Sunday, August 23, 2009

Blog #5 Social Media

"He was so learned that he could name a horse in nine languages; so ignorant that he bought a cow to ride on.”

- Benjamin Franklin

In an earlier blog I talked about media literacy and mentioned social media literacy. Since that time, summer vacation ended and I rejoined my teaching community (a 4,000 student high school). And sure enough, I got involved in a discussion about media literacy and social media literacy – or lack thereof. I thought the conversation was educational and worthy enough to continue.

Media literacy and social media literacy are not the same. Media literacy is about due diligence in researching the creditability and agenda of presentations that are trying to convince you of a point of view or to some kind of action. Social media literacy begins with media literacy and then moves on to social interaction wisdom.

Media is the vehicle to get your message out. Social media is more about networking out to engage others in conversation with an idea. Social media is the vehicle to build communities. Social communities. Learning communities. Professional communities. And to be effective in these communities requires some social media wisdom.

For PEW/Internet, Alexandra Macgill (2007) reports that 93% of youth (ages 12-17) are online.

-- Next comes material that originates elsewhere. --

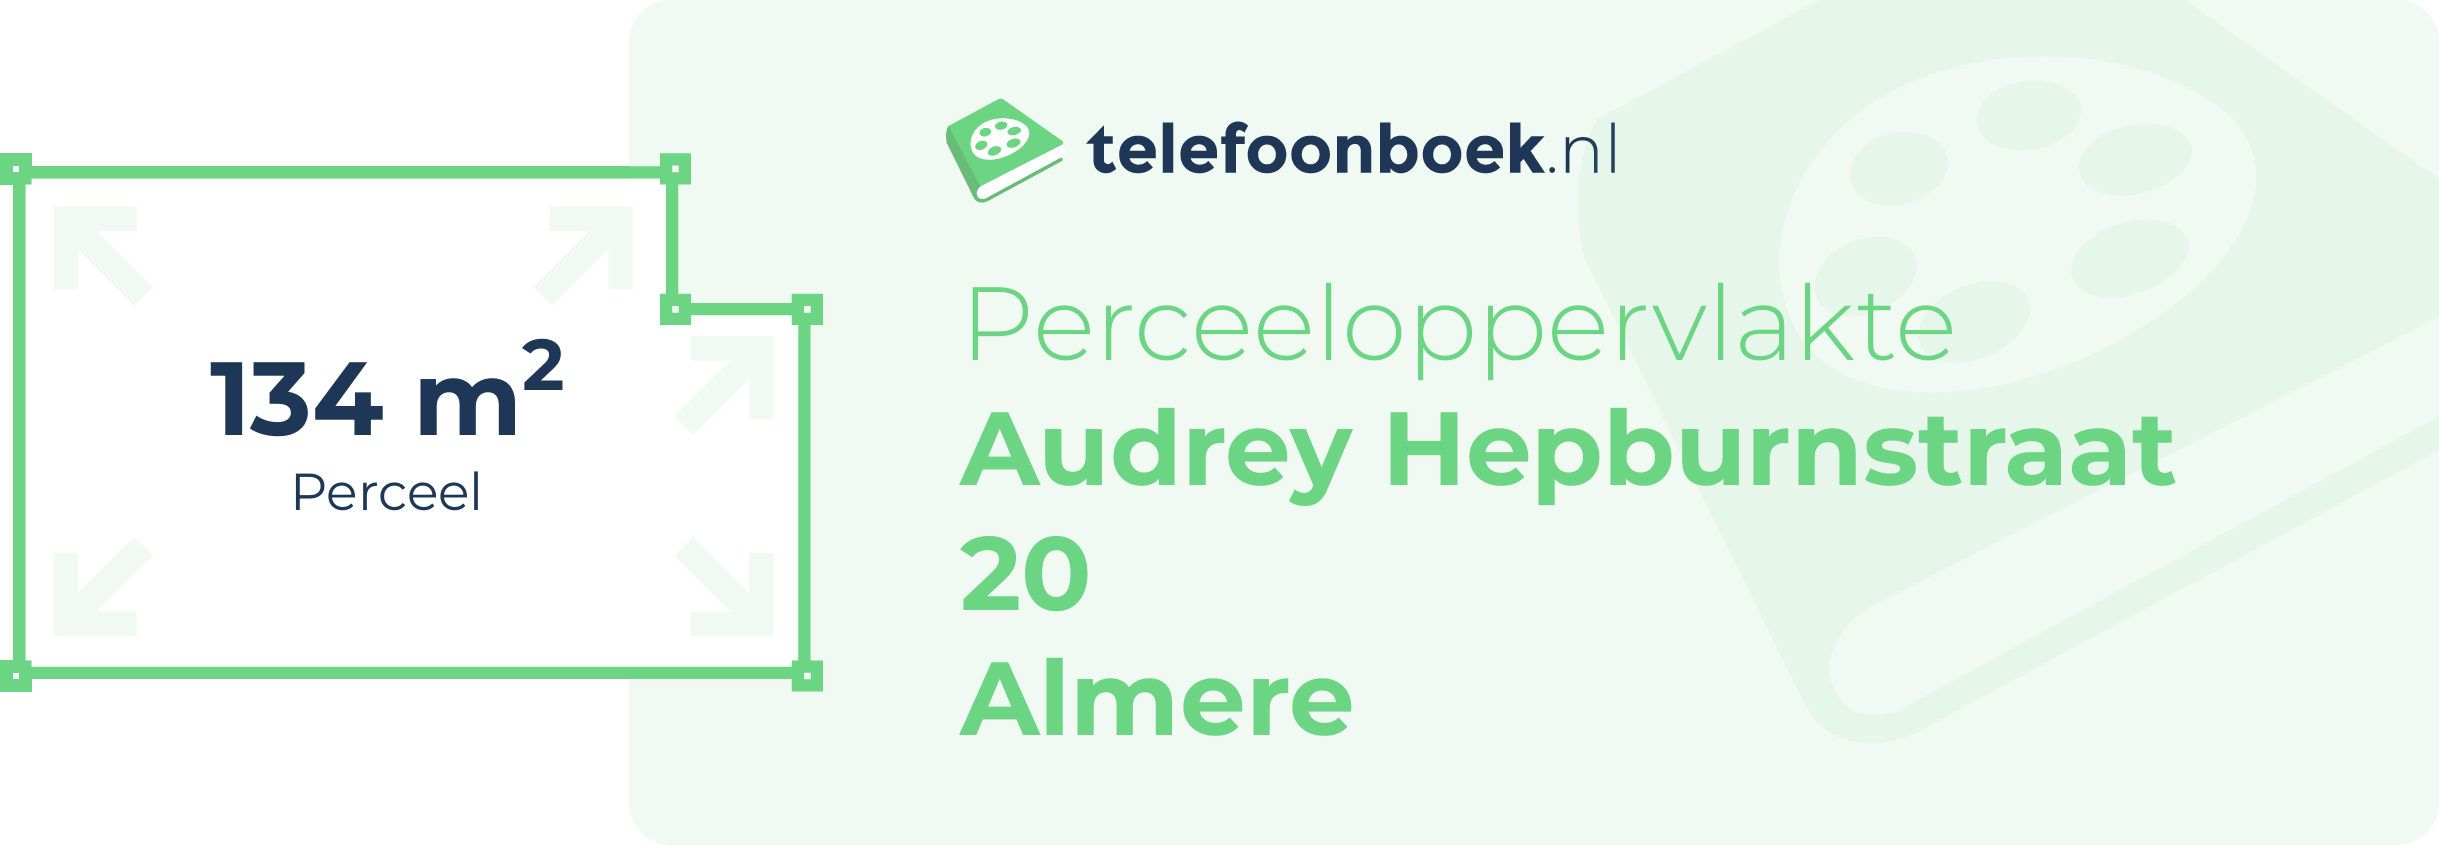 Perceeloppervlakte Audrey Hepburnstraat 20 Almere

According to Amanda Lenhart (2009) there is also a growing majority of teenagers using online social networks. These teenagers have created online profiles and use them to send messages to their friends. Many of them do so daily.

While many of our states are not formally teaching in our schools to be media literate, even fewer are teaching students to be social media wise.

The conventional wisdom taught to us by our parents, ‘do not talk to strangers’, is difficult to apply here. There needs to be another approach. Fortunately, there are teachers willing to engage with students using social media technologies and teach their safe use. Better yet, they are willing to use the same technologies to share their methods with other teachers. Now that’s a conversation!

Sue Waters, for example, on The Edublogger asked her readers to share their guidelines for appropriate online student behavior. Fran Lo replied and shared the Online Discussion Agreement she uses in her class blog for online discussions. It is a blend of personal accountability, scholar integrity, good citizenship, and commonsense protection of privacy.

Media literacy and social media wisdom are important steps to teaching students to create their own personal learning networks and engaging them online in a learning community. The potential this brings to expanding education is worth continuing the conversation. Help me further this conversation on The Neos Network Project blog.

The Neos Network Project is based on one of my thesis ideas. I’m noticing that there are still not enough educators comfortable with emergent technologies in a collaborative culture to use them with students. It seems that they do not feel fluent enough in their use to apply the technologies in teaching. The purpose of the project is to encourage helpful and creative conversations in using emergent technologies to build learning communities that will guide these teachers into applying their use with students. Thank you in advance for your support.

Reference:

Lenhart, A. (2009 April 10). Teens and social media: An overview. Pewinternet.org.

Retrieved from http://www.pewinternet.org/Presentations/2009/17-Teens-and-Social-Media-An-Overview.aspx

Macgill, A. (2007 October 24). Parent and Teenager Internet Use. Pewinternet.org.